As the community of online leaders grows along with their portfolio and a greater appreciation of their diplomatic skills and critical roles, so will the effort to define and professionalize these positions. Almost all those I interviewed had emerged from within their institutions, earned the trust of others and learned the nuances of distance learning on-the-job. They had the adaptability, confidence and curiosity to expand their domain over time. But they typically anticipate that their successors will likely come from outside and perhaps have narrower duties.

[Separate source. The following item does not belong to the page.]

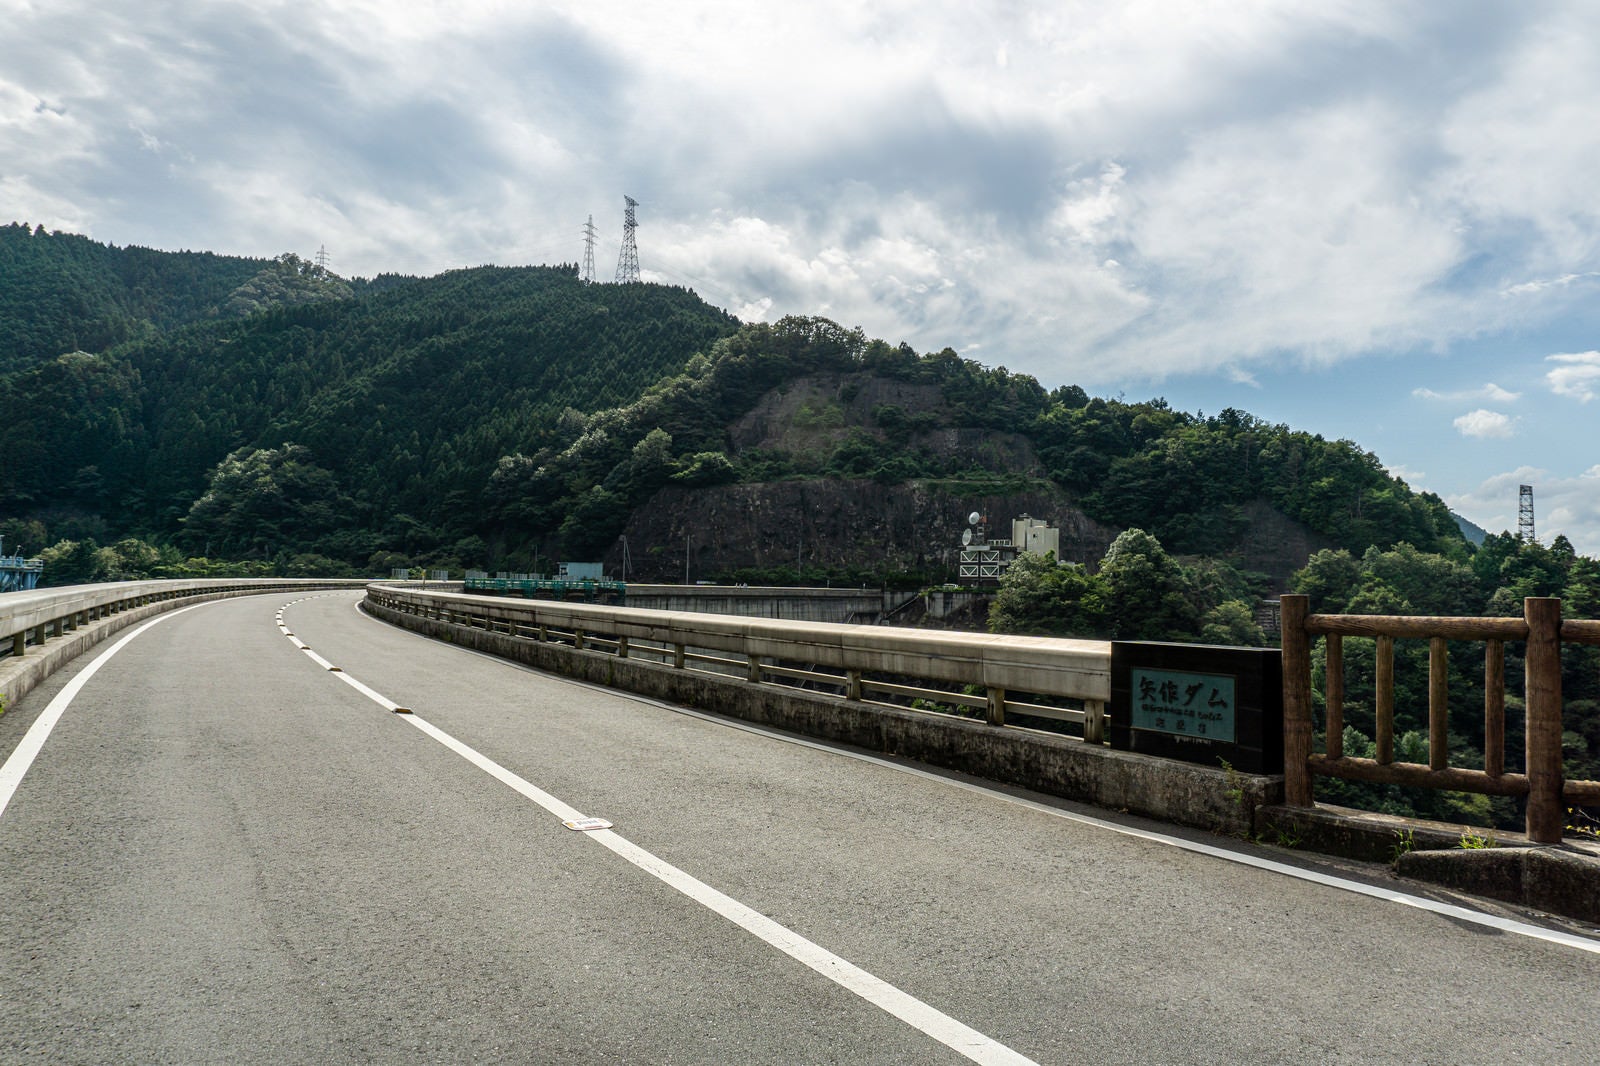 「アーチ式ダムの緩く弧を描く天端を走る県道とダム名が刻まれた親柱」の写真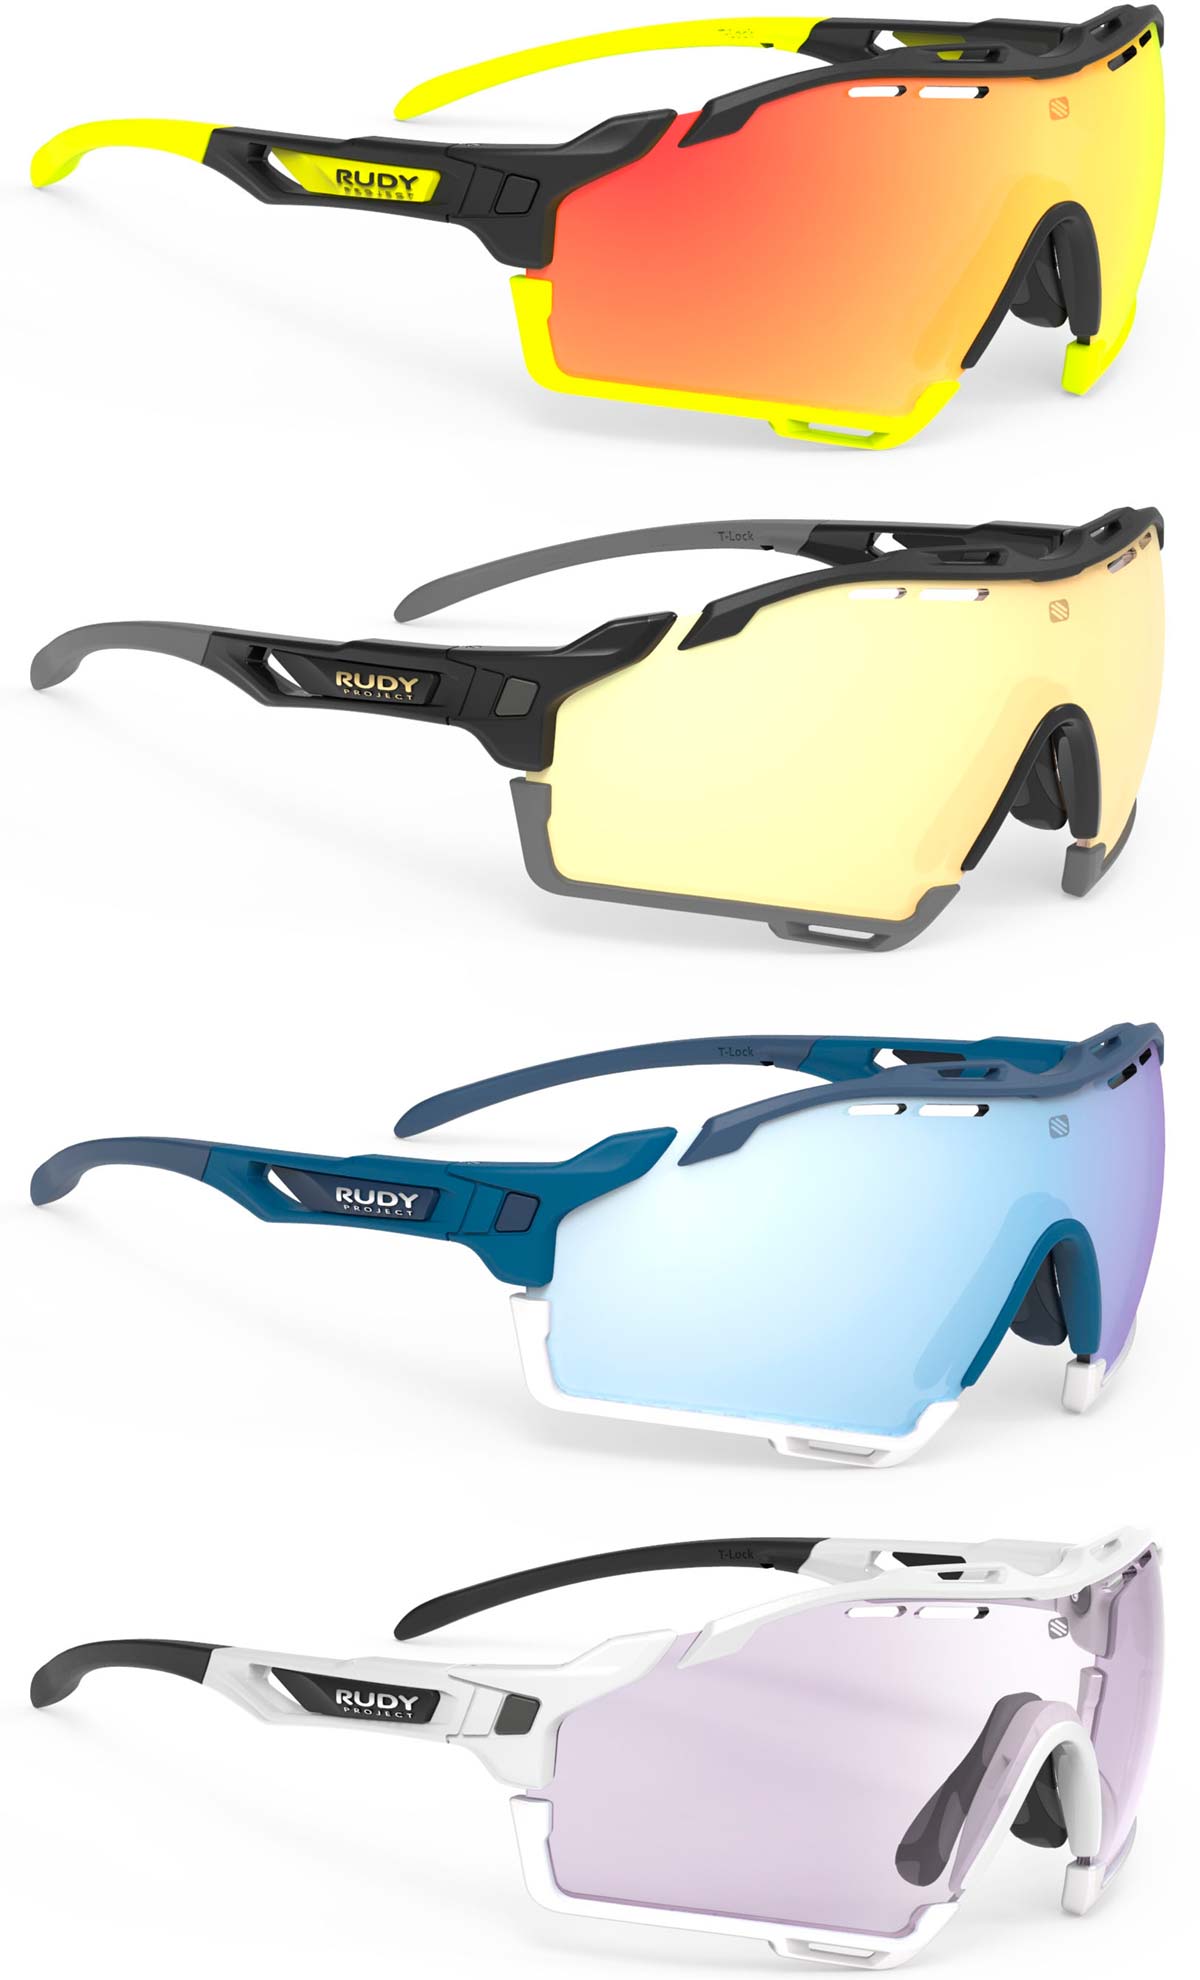 En TodoMountainBike: Rudy Project presenta las Cutline, unas gafas de diseño envolvente con lentes intercambiables

As the components of an online enterprise stabilize, and their hallmarks of excellence achieve a broad consensus, those qualities needed for its leadership will likewise become more apparent—along with the specialized staff that comprise this operation. In time, we are likely to see this as a standard entity with familiar titles and expectations similar to many other university functions. For now, however, we are in a time of flux and uncertainty and in the midst of a tension between those arguing for action and those suspicious that this will intrude on what has always been the purview of faculty within their departments. This is still the same old story—the dialectic between the administrative and the academic—now playing itself out in an unsettling age of new possibilities for instructional delivery with serious stakes for our array of academic institutions.
Jay A. Halfond teaches at Boston University and serves as Wiley Deltak Senior Faculty Fellow and senior fellow for the Center for Online Leadership and Strategy. He was dean of BU’s Metropolitan College 12 years, where he oversaw the development of distance learning.